Max-Pooled Tensor (manual):
tensor([[[0.9813, 0.9192],
         [0.9940, 0.9859]]])
Is it the same?: True


In [20]:
# Define another tensor
tensor_1 = torch.rand(1, 4, 4) * 20 + 5
print(f'Tensor 1:\n{tensor_1}')
print(f'Mean : {tensor_1.mean()}')
print(f'Std  : {tensor_1.std()}')

# Setup a normalization layer
normalization_layer = torch.nn.BatchNorm1d(4)
normalized_tensor = normalization_layer(tensor_1)
print(f'\nNormalized Tensor:\n{normalized_tensor}')
print(f'Mean : {normalized_tensor.mean()}')
print(f'Std  : {normalized_tensor.std()}')

Tensor 1:
tensor([[[14.1492, 16.2734, 18.0320, 17.1201],
         [ 8.4800, 15.2588, 15.1151,  8.5726],
         [13.1176, 19.5021, 18.3224,  8.0068],
         [10.3068,  8.2278, 20.0766, 17.6381]]])
Mean : 14.262460708618164
Std  : 4.286467552185059

Normalized Tensor:
tensor([[[-1.5615, -0.0837,  1.1398,  0.5054],
         [-1.0137,  1.0214,  0.9783, -0.9859],
         [-0.3545,  1.0430,  0.7848, -1.4733],
         [-0.7622, -1.1842,  1.2207,  0.7257]]],
       grad_fn=<NativeBatchNormBackward0>)
Mean : -2.2351741790771484e-08
Std  : 1.032794713973999


The normalized tensor has mean equal to 0 and standard deviation equal to 1 (approximately).


In [21]:
# Define a third tensor
tensor_2 = torch.rand(1, 4, 4)
print(f'Tensor 2:\n{tensor_2}')

# Create a dropout layers
dropout_layer_1 = torch.nn.Dropout(p=0.4)
print(f'\nDropout (p=0.4):\n{dropout_layer_1(tensor_2)}')

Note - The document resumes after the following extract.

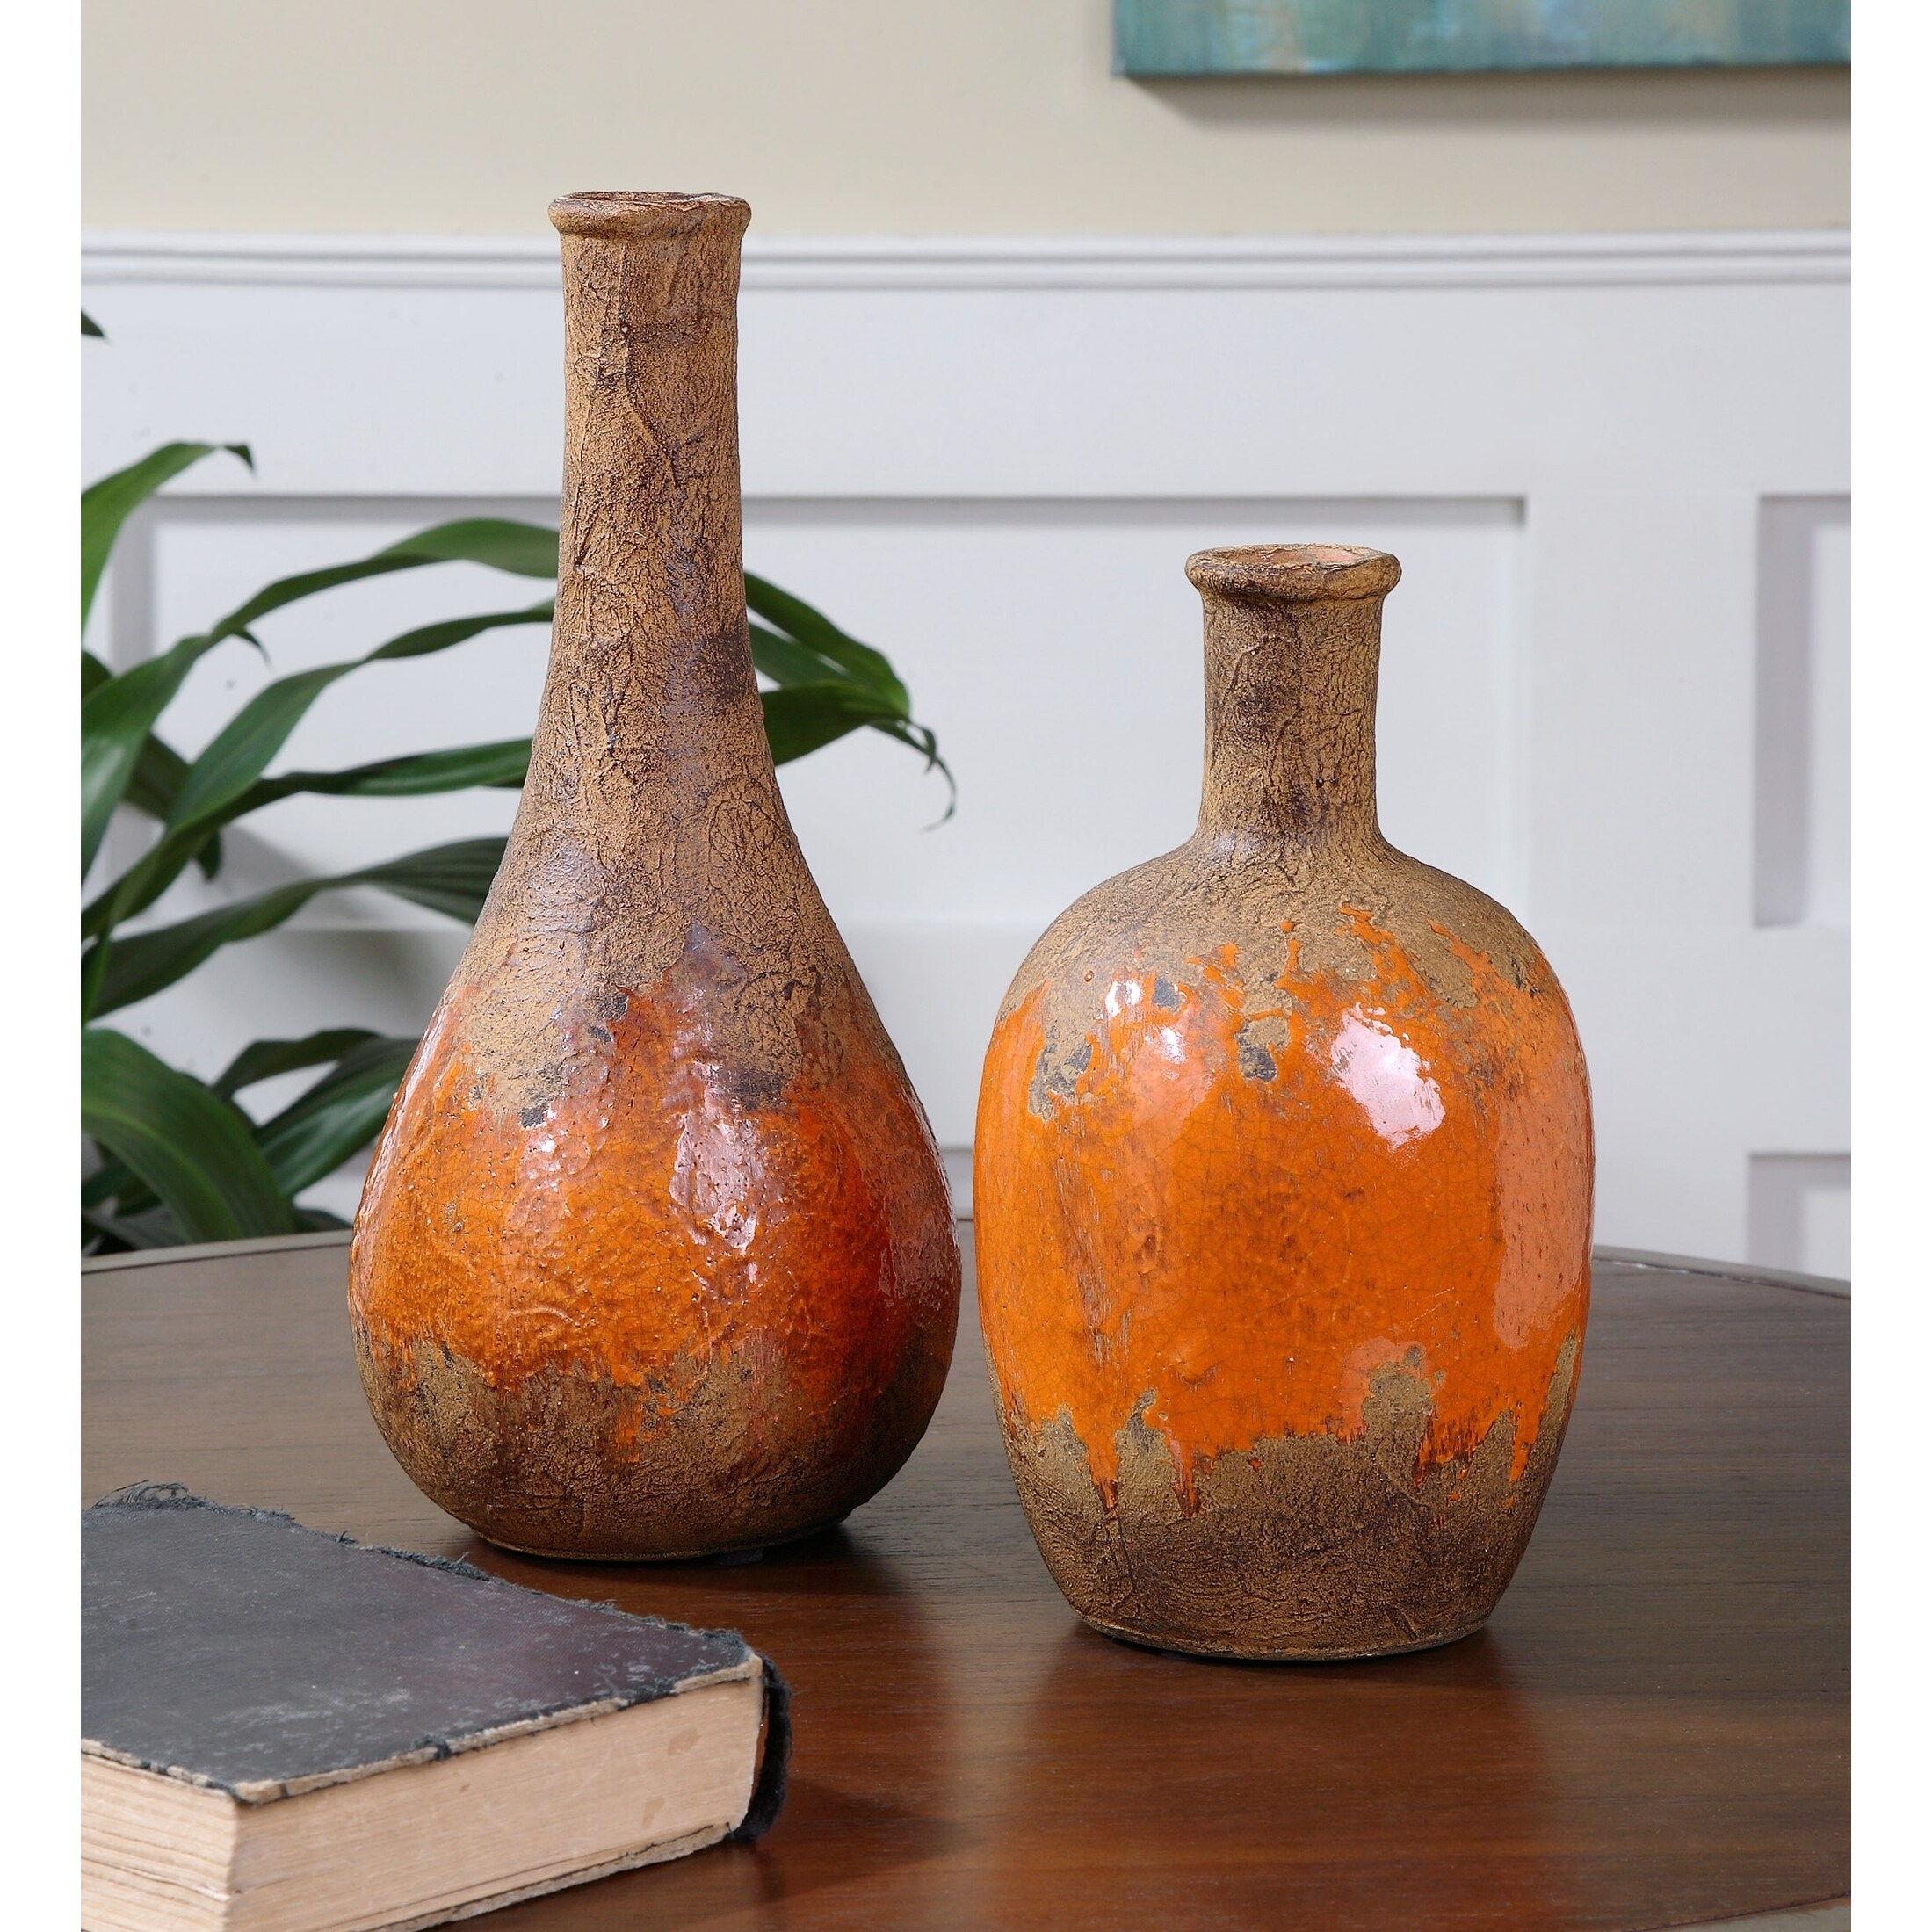 Ban.do Ceramic Vase - Stacked Citrus - 20814295

dropout_layer_2 = torch.nn.Dropout(p=1.0)
print(f'\nDropout (p=1.0):\n{dropout_layer_2(tensor_2)}')

Tensor 2:
tensor([[[0.9159, 0.5101, 0.0268, 0.1150],
         [0.1693, 0.8296, 0.4148, 0.4501],
         [0.8585, 0.5178, 0.8615, 0.1808],
         [0.4003, 0.0933, 0.0819, 0.4586]]])

Dropout (p=0.4):
tensor([[[0.0000, 0.0000, 0.0000, 0.0000],
         [0.0000, 0.0000, 0.0000, 0.7501],
         [0.0000, 0.8630, 0.0000, 0.3013],
         [0.6671, 0.1555, 0.1365, 0.7644]]])

Dropout (p=1.0):
tensor([[[0., 0., 0., 0.],
         [0., 0., 0., 0.],
         [0., 0., 0., 0.],
         [0., 0., 0., 0.]]])


These create sparse representations of the tensor based on the probability value.